BEGIN DATASET EXTRACT

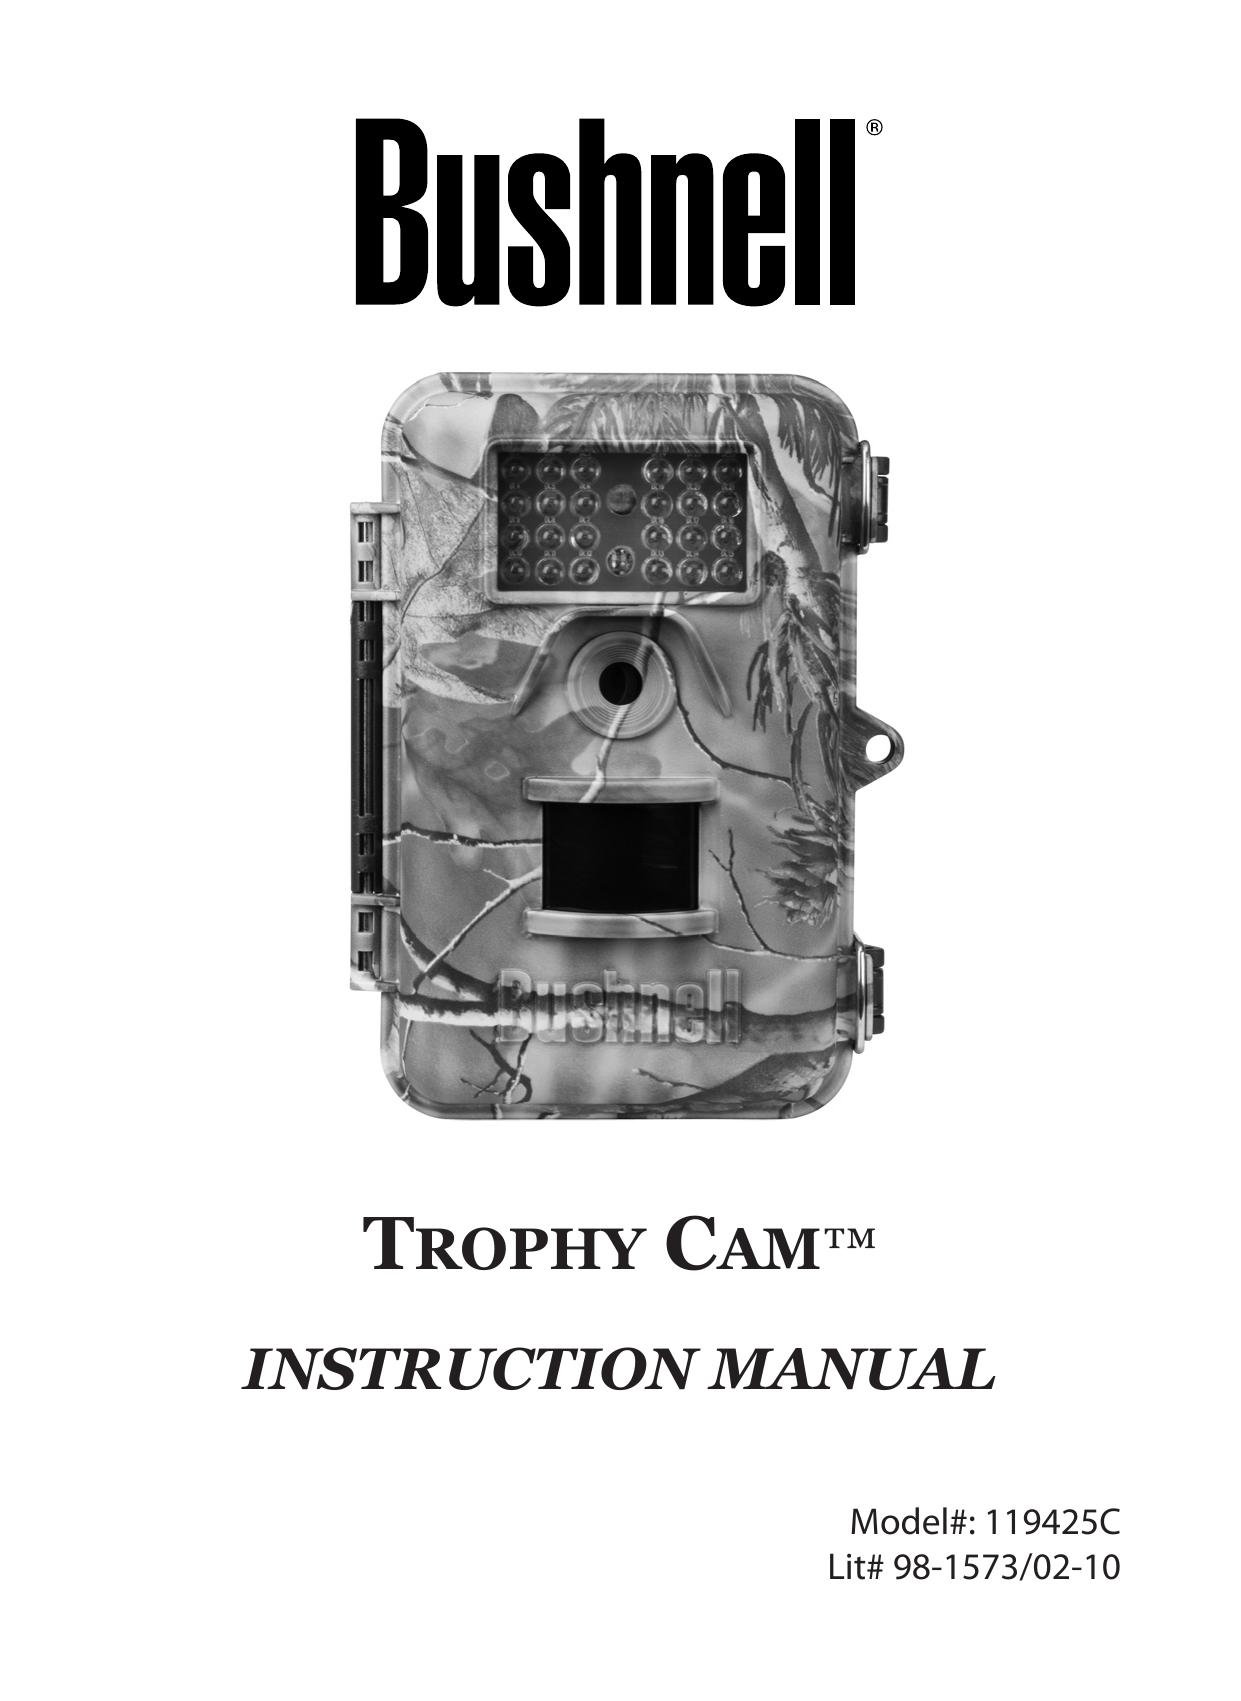 Bushnell 119425C Digital Camera User Manual
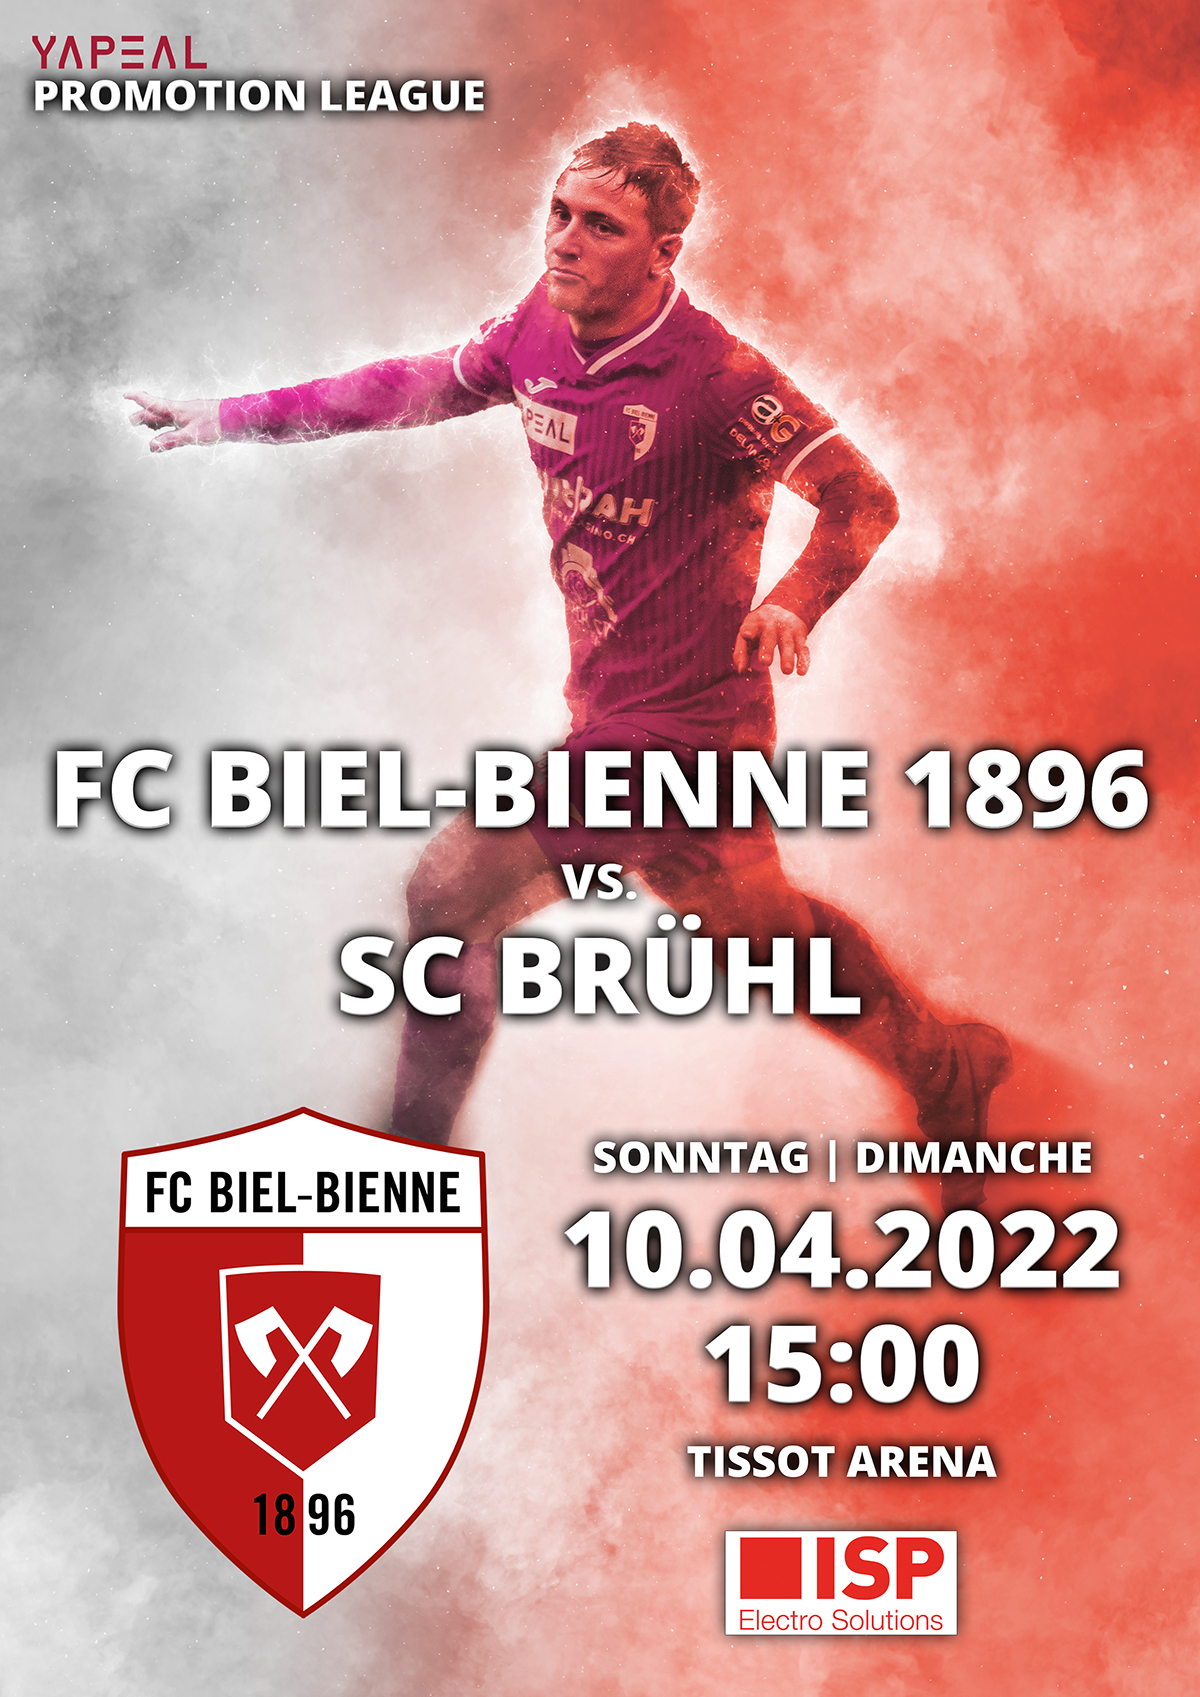 FC Biel-Bienne 1896 vs. SC Brühl
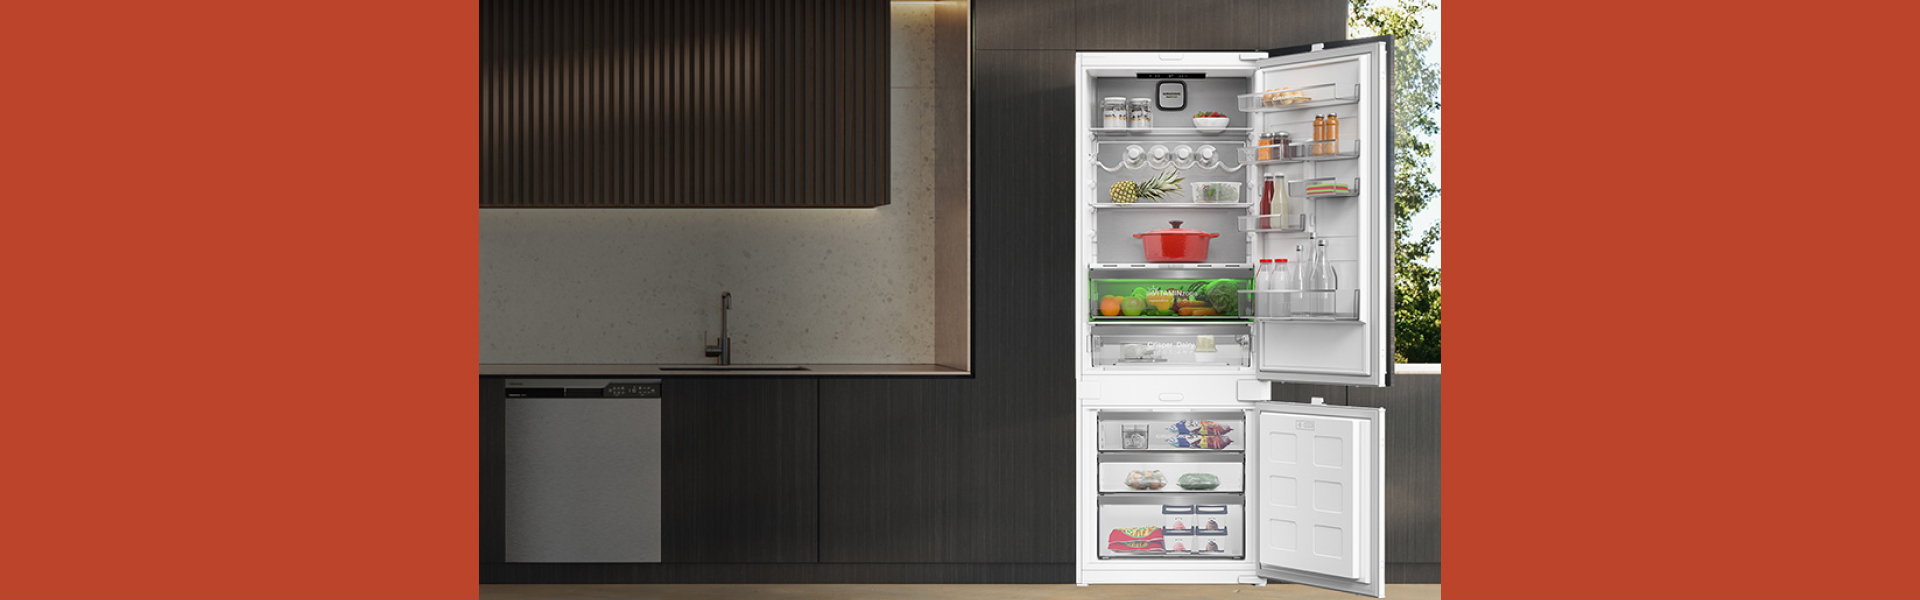 Grundig erweitert Einbau-Serie: flüsterleiser Kühlschrank mit viel Platz für Lebensmittel
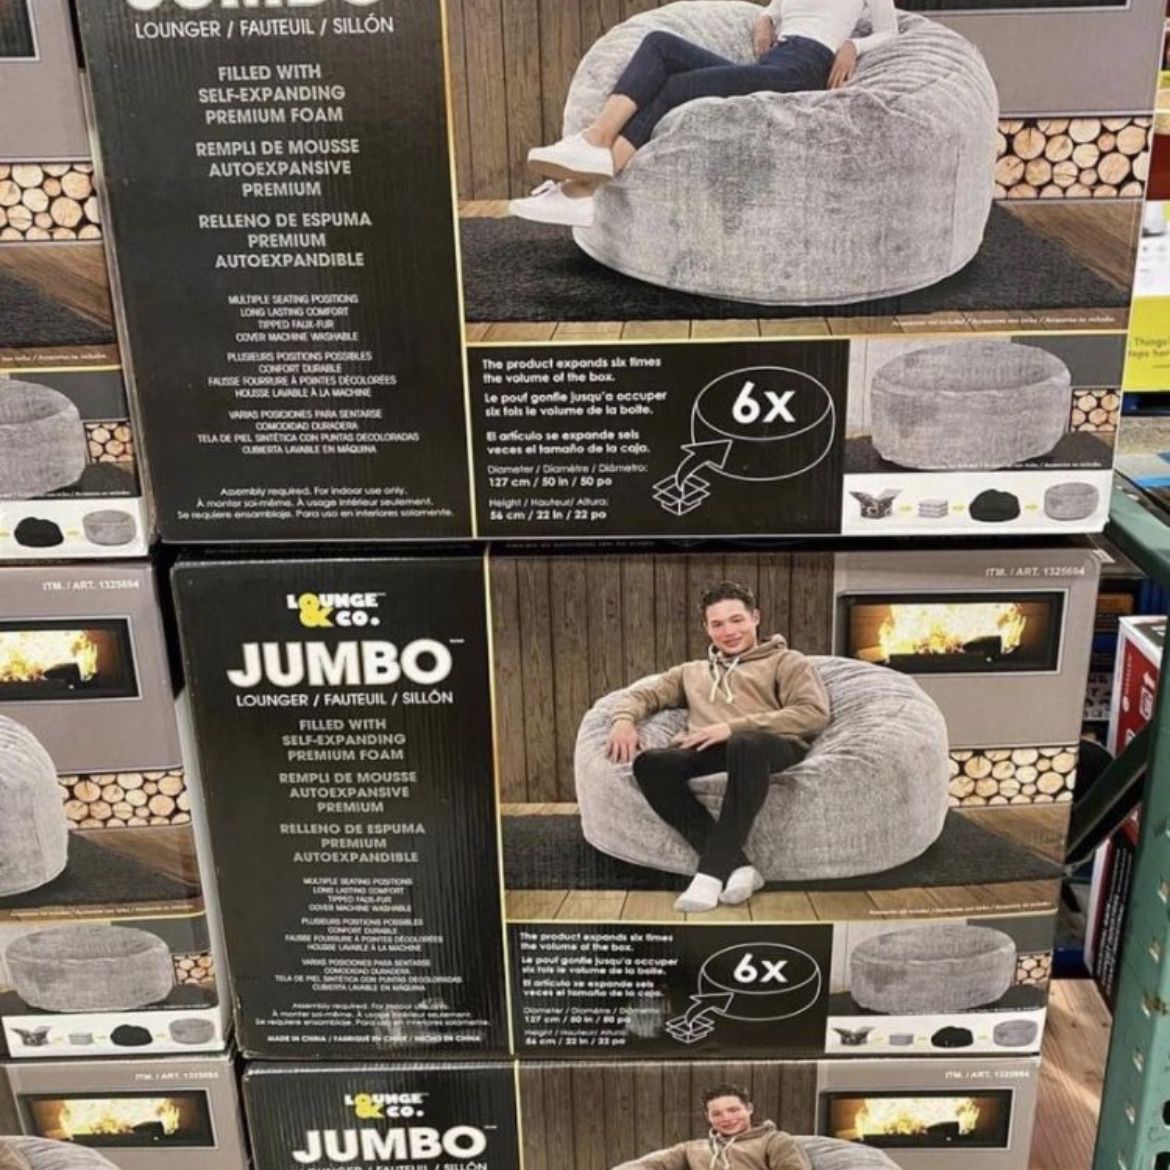 Jumbo Lounger

END DATASET EXTRACT

◆ ACTIVITY ◆
Give back an exact copy of only the lines from the one with "Grundig erweitert Einbau-Serie: flüsterleiser" through the final line of the material, both included. Pictures do not belong in it.

◆ REPLY ◆
 Grundig erweitert Einbau-Serie: flüsterleiser Kühlschrank mit viel Platz für Lebensmittel
 Jumbo Lounger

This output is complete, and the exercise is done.